Conseillers à la sécurité nationale, la valse à quatre temps

Par Gaspard Béquet

Le 10 septembre dernier, le président américain Donald Trump s’est séparé de son conseiller à la sécurité nationale John Bolton. Son successeur, Robert O’Brien, est déjà le quatrième de l’ère Trump à occuper ce poste décisif dans l’orientation des politiques étrangère et de défense américaines.

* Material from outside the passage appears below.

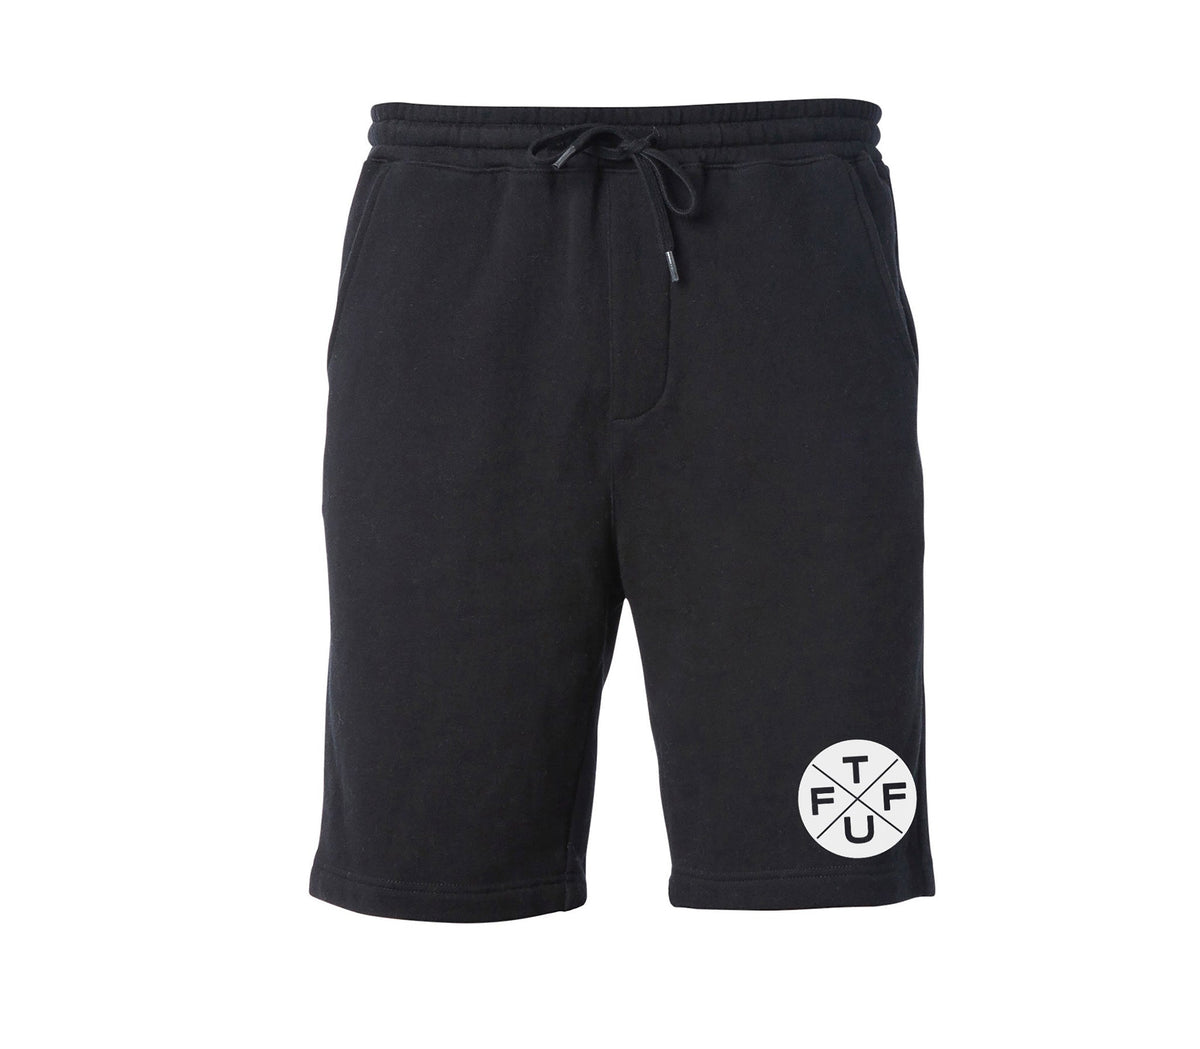 TUFF INSIGNIA Tapered Fleece Shorts XS / Black TuffWraps.com

« You’re fired ! » a résonné une nouvelle fois dans les couloirs de la Maison Blanche. John Bolton, 70 ans, conseiller à la sécurité nationale, a été remercié par la présidence américaine après un an et cinq mois d’exercice. Il s’agit d’un record de longévité. Les conseillers à la sécurité nationale se sont en effet succédés à une allure frénétique sous la présidence Donald Trump. Jamais un président américain n’avait désigné quatre conseillers différents en un mandat. Or, ce chiffre vient d’être atteint en à peine deux ans et huit mois ! Après Michael Flynn – démissionnaire au bout de vingt-quatre jours à la suite d’une faute grave – et Herbert R. McMaster – renvoyé après un an et un mois pour désaccord avec la ligne présidentielle -, John Bolton est donc le troisième fusible à sauter. Mais comment expliquer ce renvoi ?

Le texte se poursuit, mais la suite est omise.